Not for long, though. A volcanic eruption miles away sends an omen to both sides: Keōua’s volcanic deities have chosen a side. “The gods speak for Keōua,” Namake says simply and ominously as he, his brother, and their chief stare off into the distance. Far away, Keōua stands and smirks triumphantly, believing that he will soon prove all his doubters — from his father to Kamehameha to ‘Ōpūnui — dead wrong.
It would be one thing if all this episode did was make the astute, timely point that prophets of doom are rarely rewarded for being wrong, ever since Cassandra made it her whole thing. It would be another if all it did in addition was provide a showcase for its actors to dig up their most embodied, ensouled emotions and detonate them like nail bombs all across the screen. Jason Momoa in particular impresses as Ka’iana in this episode, whose tears and screams of grief mark Momoa as the rare musclebound action hunk whose expressions of vulnerability feel genuine and dredged from an actual place of emotion. He’s got what Stallone used to have.
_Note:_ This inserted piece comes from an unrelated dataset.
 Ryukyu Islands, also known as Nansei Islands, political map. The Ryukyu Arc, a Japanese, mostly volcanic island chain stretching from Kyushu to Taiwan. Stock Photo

But in a way, it’s the women’s episode. Luciane Buchanan, Te Ao o Hinepheinga, and Mainei Kinimaka all face a similar challenge to the one posed to Anna Sawai for her Emmy Award–winning work in Shōgun: How does a woman in a rigidly patriarchal society live when a large percentage of her life is not her own? How can they work around this limitation to employ their intelligence and exert influence anyway? The results can range from successfully convincing a prophesied messiah to follow your advice to having your sexual assault used as a grotesque declaration of war. It’s up to those three actresses to convey how hard it is to live under these circumstances, but to still live, as these women had to.
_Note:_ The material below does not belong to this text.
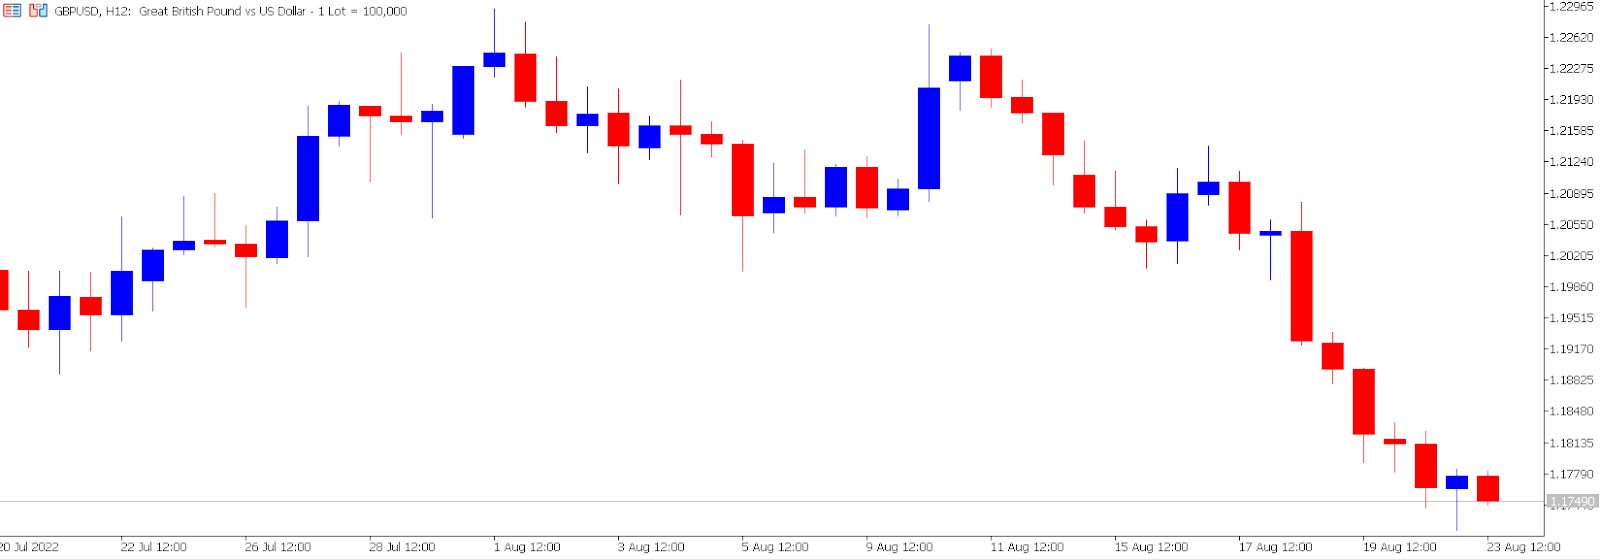 GBP/USD 12-hour price chart.

I think the work that impressed me most this episode is that of Cliff Curtis as Keōua. This deeply insecure man has to come across as nevertheless completely confident in kicking the ass of a guy who’s got like five inches, fifty pounds, and twenty years on him, not to mention chanting a ritual song before tossing a priest into a volcano and grinning like a real smug piece of shit when the volcano erupts. He’s also the subject of some of the show’s most interesting shot compositions, which is really saying something — a framework around which director Brian Andrew Mendoza drapes near-psychedelic lighting or stunning images of the sky. (This episode is full of that kind of thing.)
Folks, I could go on like this all day. It’s that kind of show. Chief of War is one of the biggest and best television surprises of 2025.